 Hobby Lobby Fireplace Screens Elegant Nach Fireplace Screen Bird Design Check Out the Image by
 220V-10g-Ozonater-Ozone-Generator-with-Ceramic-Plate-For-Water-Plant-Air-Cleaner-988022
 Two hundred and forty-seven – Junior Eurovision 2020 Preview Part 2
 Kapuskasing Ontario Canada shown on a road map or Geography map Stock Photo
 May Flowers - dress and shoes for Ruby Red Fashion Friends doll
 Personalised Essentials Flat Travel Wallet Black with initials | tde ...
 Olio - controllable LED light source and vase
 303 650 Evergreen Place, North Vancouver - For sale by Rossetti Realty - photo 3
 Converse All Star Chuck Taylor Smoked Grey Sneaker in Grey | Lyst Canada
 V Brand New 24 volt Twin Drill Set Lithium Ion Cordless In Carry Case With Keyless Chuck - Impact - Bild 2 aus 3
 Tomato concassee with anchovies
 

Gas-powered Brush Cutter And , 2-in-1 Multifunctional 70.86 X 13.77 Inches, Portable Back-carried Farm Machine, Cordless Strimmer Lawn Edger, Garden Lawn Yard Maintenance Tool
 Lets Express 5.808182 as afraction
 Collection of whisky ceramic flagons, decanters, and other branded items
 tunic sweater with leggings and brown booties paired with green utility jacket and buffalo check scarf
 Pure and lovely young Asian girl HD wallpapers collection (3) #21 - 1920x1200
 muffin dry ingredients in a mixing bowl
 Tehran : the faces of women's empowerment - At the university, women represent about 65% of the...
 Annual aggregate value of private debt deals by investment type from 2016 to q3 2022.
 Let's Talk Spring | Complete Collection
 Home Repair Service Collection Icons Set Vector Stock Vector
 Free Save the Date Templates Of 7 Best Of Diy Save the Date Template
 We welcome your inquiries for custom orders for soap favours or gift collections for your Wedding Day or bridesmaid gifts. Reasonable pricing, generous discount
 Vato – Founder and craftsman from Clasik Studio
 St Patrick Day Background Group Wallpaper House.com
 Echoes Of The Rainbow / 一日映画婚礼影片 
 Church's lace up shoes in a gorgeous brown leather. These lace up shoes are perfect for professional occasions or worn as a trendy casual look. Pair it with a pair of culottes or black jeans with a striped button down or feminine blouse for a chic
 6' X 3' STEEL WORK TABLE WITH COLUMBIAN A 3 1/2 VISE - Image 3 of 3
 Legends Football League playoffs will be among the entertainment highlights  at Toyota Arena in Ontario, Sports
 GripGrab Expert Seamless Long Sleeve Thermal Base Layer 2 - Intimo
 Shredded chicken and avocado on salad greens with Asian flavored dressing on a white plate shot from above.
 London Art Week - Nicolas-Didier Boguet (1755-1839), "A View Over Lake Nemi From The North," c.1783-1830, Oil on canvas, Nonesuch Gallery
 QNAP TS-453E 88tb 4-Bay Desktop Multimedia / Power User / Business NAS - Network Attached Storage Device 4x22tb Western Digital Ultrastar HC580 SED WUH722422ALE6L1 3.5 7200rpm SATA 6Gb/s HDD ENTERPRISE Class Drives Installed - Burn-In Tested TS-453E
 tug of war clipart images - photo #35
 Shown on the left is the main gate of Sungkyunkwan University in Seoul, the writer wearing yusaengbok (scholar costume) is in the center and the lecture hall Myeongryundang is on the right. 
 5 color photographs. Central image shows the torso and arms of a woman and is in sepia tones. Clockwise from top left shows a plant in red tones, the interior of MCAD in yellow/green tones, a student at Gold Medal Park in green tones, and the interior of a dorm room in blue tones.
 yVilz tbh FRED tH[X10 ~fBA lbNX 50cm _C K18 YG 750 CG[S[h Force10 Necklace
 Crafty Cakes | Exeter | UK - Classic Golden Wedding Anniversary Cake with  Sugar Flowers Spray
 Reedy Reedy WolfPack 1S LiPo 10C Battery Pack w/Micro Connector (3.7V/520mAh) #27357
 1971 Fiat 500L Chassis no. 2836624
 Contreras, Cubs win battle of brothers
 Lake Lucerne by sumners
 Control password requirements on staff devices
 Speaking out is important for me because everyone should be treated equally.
______
TASK DESCRIPTION => Using the records above, copy exactly the lines from the one containing "1971 Fiat 500L Chassis no. 2836624" through the last, inclusive, and nothing else.

TASK OUTPUT =>
 1971 Fiat 500L Chassis no. 2836624
 Contreras, Cubs win battle of brothers
 Lake Lucerne by sumners
 Control password requirements on staff devices
 Speaking out is important for me because everyone should be treated equally.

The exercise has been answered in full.